Food grade hydrogen peroxide is stronger and hard to use. I use 3% from Dollarama for both in my tanks and for me as a gargle. 2 ml per gallon of 3% is the recommended safe level for most fish.


----------



## Darkblade48 (Jan 28, 2008)

Just as an addendum, hydrogen peroxide can be concentrated (please don't try it at home), and is often sold at (or around) 30% when purchasing from chemical suppliers.


----------



## default (May 28, 2011)

Darkblade48 said:


> Just as an addendum, hydrogen peroxide can be concentrated (please don't try it at home), and is often sold at (or around) 30% when purchasing from chemical suppliers.


Had that thought as well, but didn't feel like mixing anything - first time using H2O2 if tank so I figured getting a small 500ml bottle of the food grade stuff would be fine especially for my nano - cost about the same price as excel!

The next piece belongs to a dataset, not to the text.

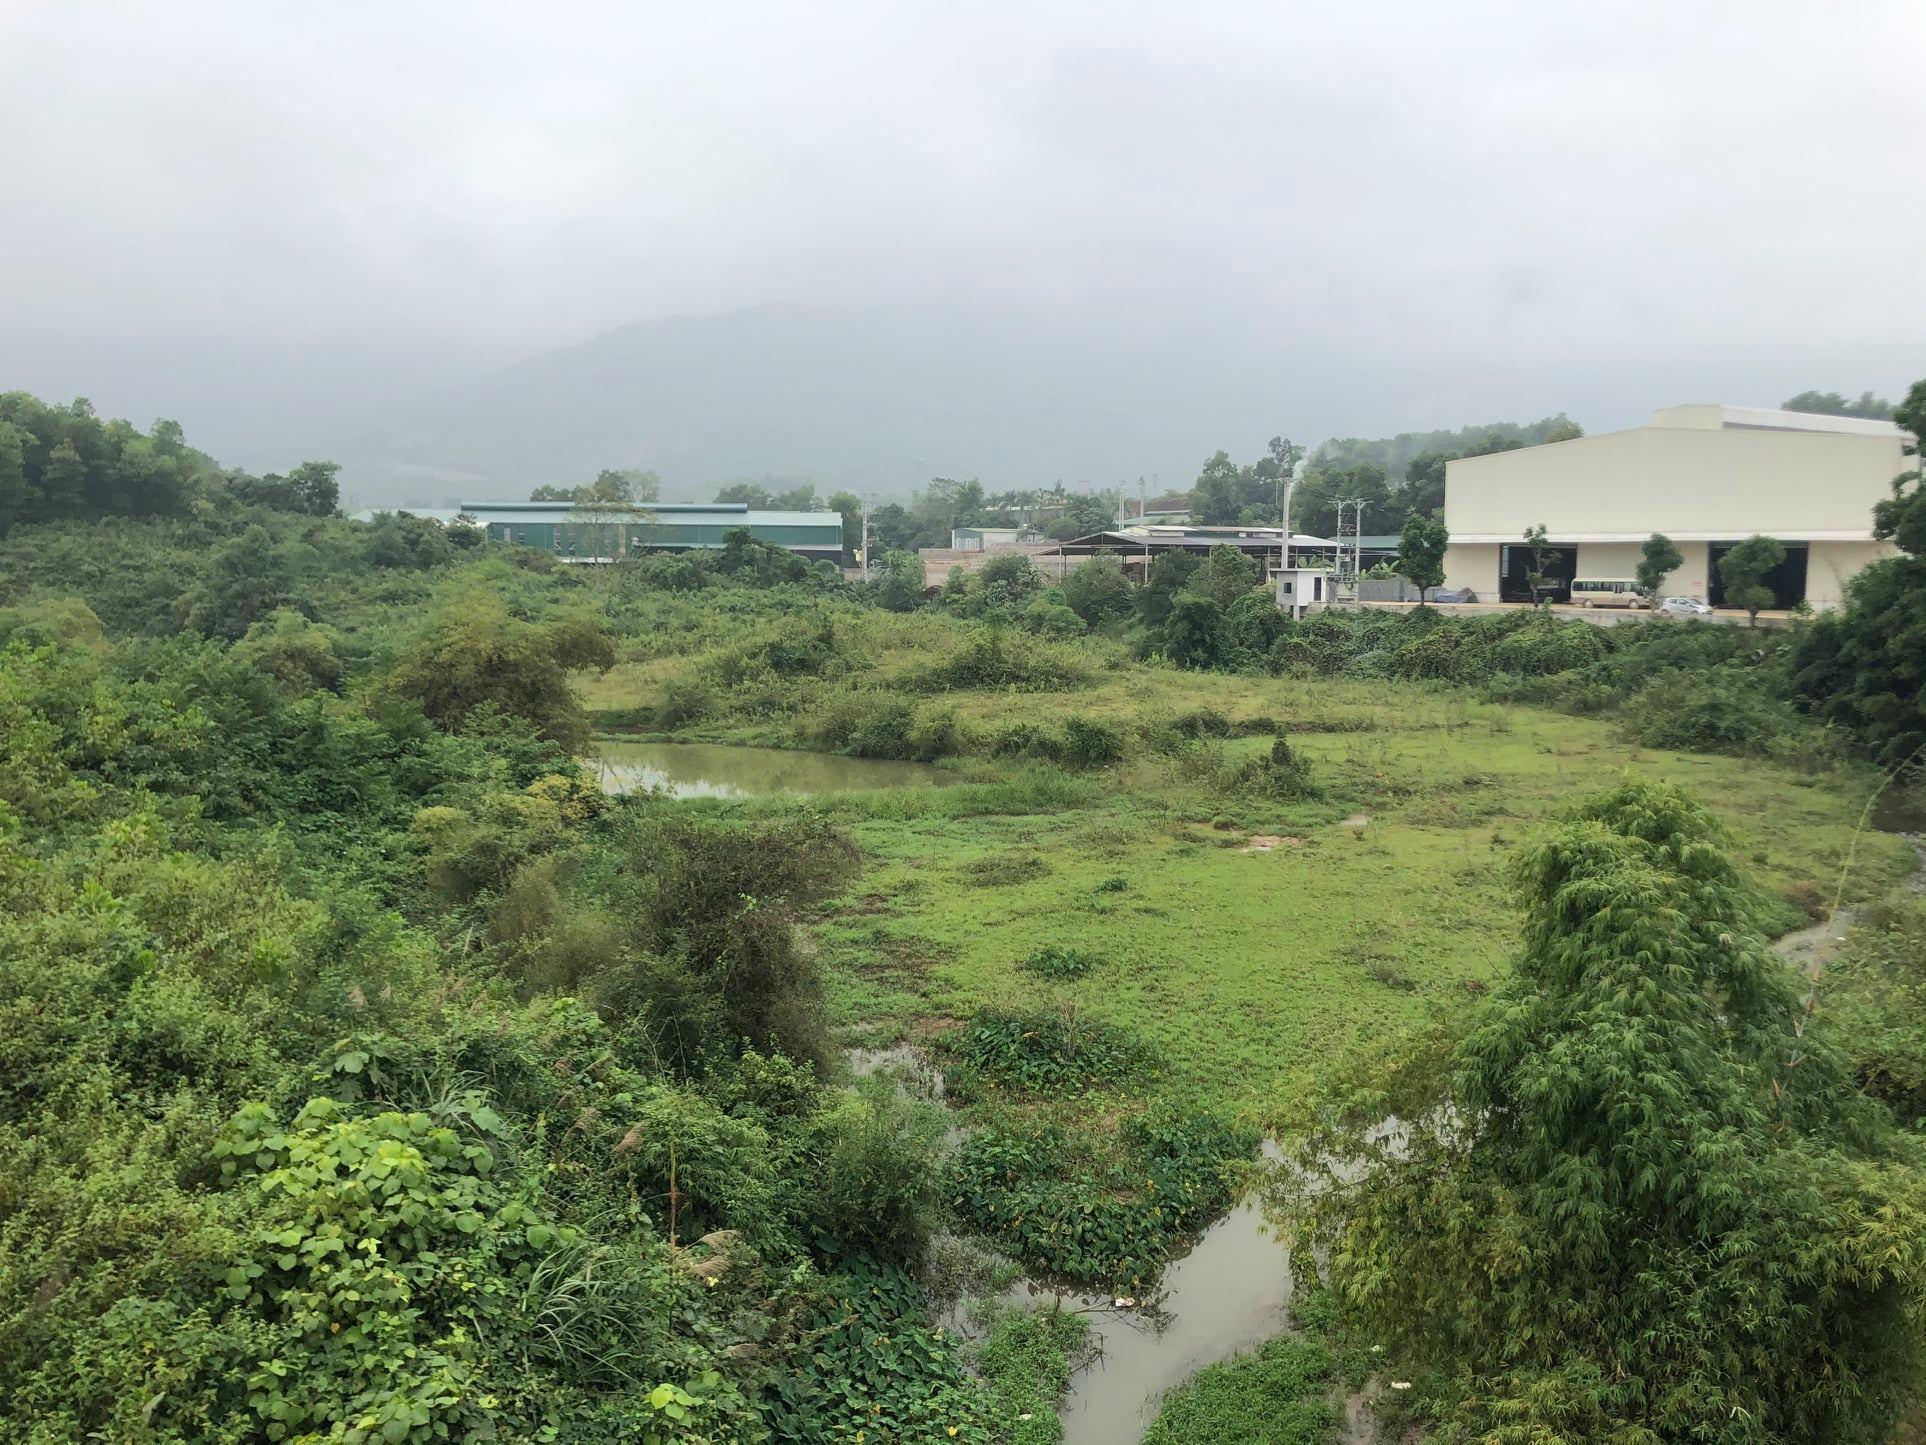 108 lô đất nền trục chính đường Bãi Dài, xã Tiến Xuân, huyện Thạch Thất

Gets much cheaper when you reach bulk 3-4L jugs.
Was planning to use a tiny spray bottle to mist within the tank. But I might mix it with water prior to use to weaken it a bit anyways  - people are telling me it might not be too safe for the livestock.
Using it for just in case BBA control  tanks too small for a SAE, and I find amanos way to lazy nowadays, gonna add 8-10 anyways.


----------



## zfarsh (Apr 7, 2011)

Darkblade48 said:


> Just as an addendum, hydrogen peroxide can be concentrated (please don't try it at home), and is often sold at (or around) 30% when purchasing from chemical suppliers.


But it is preferable to use "Food Grade" Hydrogen Peroxide at 35%, and make sure to wear gloves, and make a solution of 3% from it in another container that is not transparent, and use that instead. For food or meds or however is ingested by the body, either it be animal or plant or even human, they recommend Food Grade type, and you can buy these in health stores.


----------



## BillD (Jun 5, 2006)

Food grade has no stabilizers (or shouldn't) so needs to be kept in the freezer. The 3% solution sold in drug stores and such has stabilizers to keep it from breaking down. It doesn't work the same way as the unstabilized. When I read up on this a number of years ago 12% food grade was used for injestion. It only took 3 to 4 drops per day to have immense health benefits according to proponents.


----------